In [1]:
import spacy
import utils
import re

from collections import defaultdict, Counter
from minicons.utils import get_batch
from tqdm import tqdm

In [2]:
# spacy setup
gpu = spacy.prefer_gpu(2)
nlp = spacy.load("en_core_web_trf")

In [3]:
# aochildes
corpus = utils.read_file("../../smolm/data/corpora/babylm_data/babylm_100M/aochildes.train")

In [4]:
alternating_verbs = '''feed,give,lease,lend,loan,pass,pay,peddle,refund,render,rent,repay,sell,serve,trade,advance,allocate,allot,assign,award,bequeath,cede,concede,extend,grant,guarantee,issue,leave,offer,owe,promise,vote,will,yield,bring,take,forward,hand,mail,post,send,ship,slip,smuggle,sneak,bounce,float,roll,slide,carry,drag,haul,heave,heft,hoise,kick,lug,pull,push,schlep,shove,tote,tow,tug,barge,bus,cart,drive,ferry,fly,row,shuttle,truck,wheel,wire,bash,bat,bunt,catapult,chuck,flick,fling,flip,hit,hurl,kick,lob,pass,pitch,punt,shoot,shove,slam,slap,sling,throw,tip,toss,ask,cite,pose,preach,quote,read,relay,show,teach,tell,write,cable,email,e-mail,fax,modem,netmail,phone,radio,relay,satellite,semaphore,sign,signal,telephone,telecast,telegraph,telex,wire,wireless'''.split(",")
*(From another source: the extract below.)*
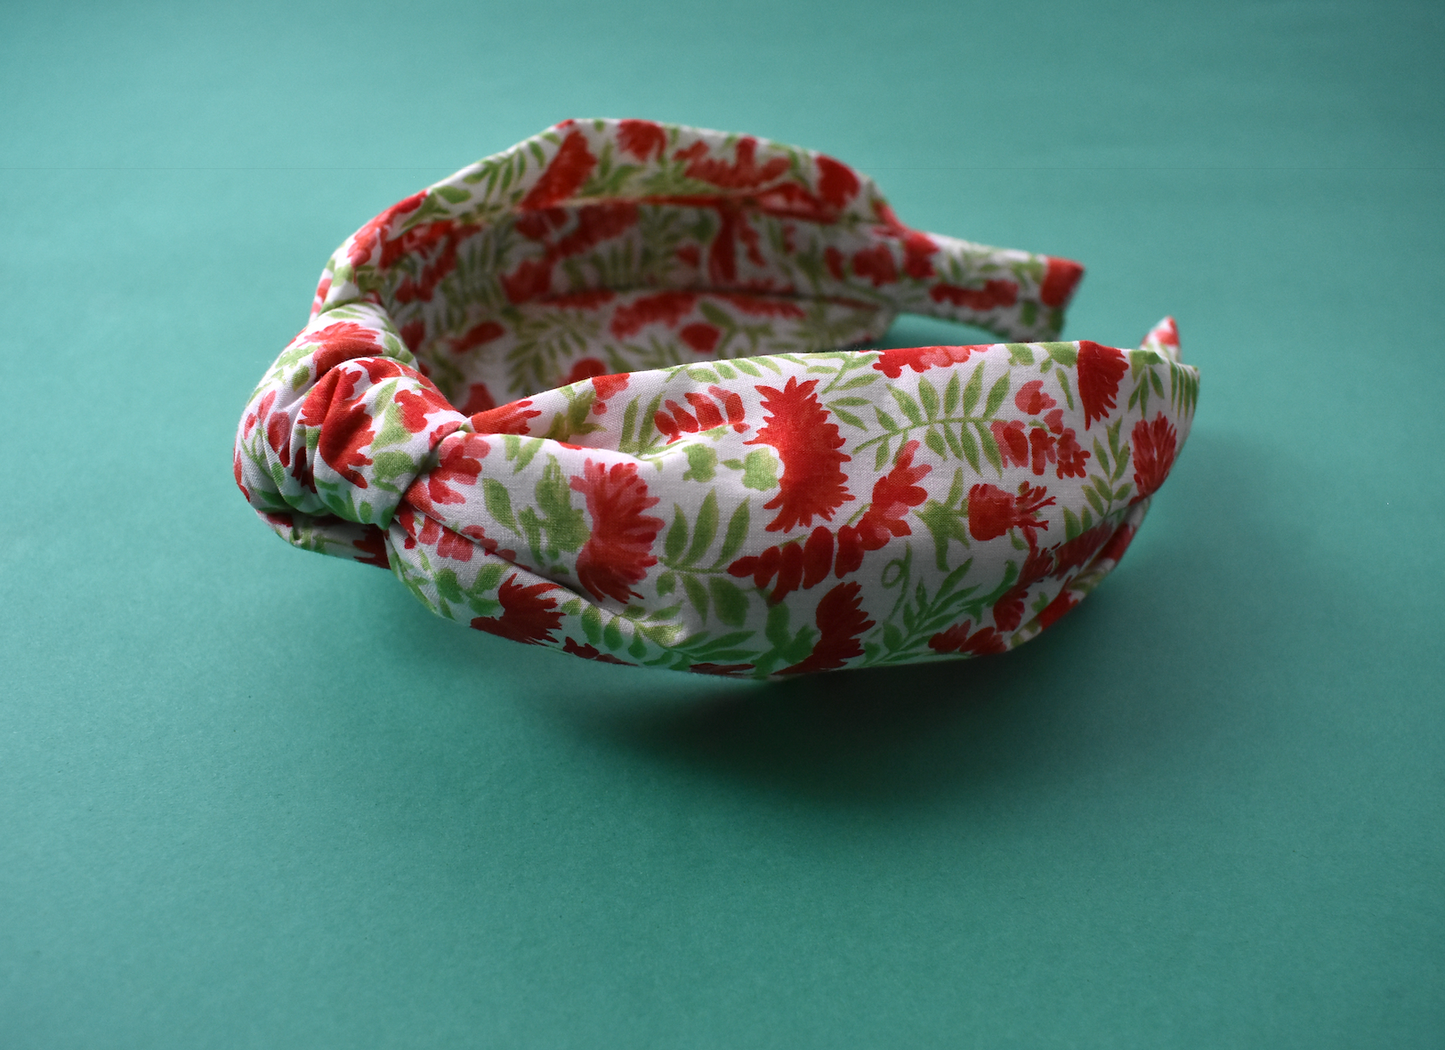 Ladies Knot Alice headband - Vintage Liberty of London Chrysanthemum

do_only_verbs = '''accord,ask,bear,begrudge,bode,cost,deny,envy,flash,forbid,forgive,guarantee,issue,refuse,save,spare,strike,vouchsafe,wish,write,bet,bill,charge,fine,mulct,overcharge,save,spare,tax,tip,undercharge,wager,acknowledge,adopt,appoint,consider,crown,deem,designate,elect,esteeem,imagine,mark,nominate,ordain,proclaim,rate,recon,report,want,anoint,baptize,brand,call,christen,consecrate,crown,decree,dub,label,make,name,nickname,pronounce,rule,stamp,style,term,vote,adjudge,adjudicate,assume,avow,believe,confess,declare,fancy,find,judge,presume,profess,prove,suppose,think,warrant'''.split(",")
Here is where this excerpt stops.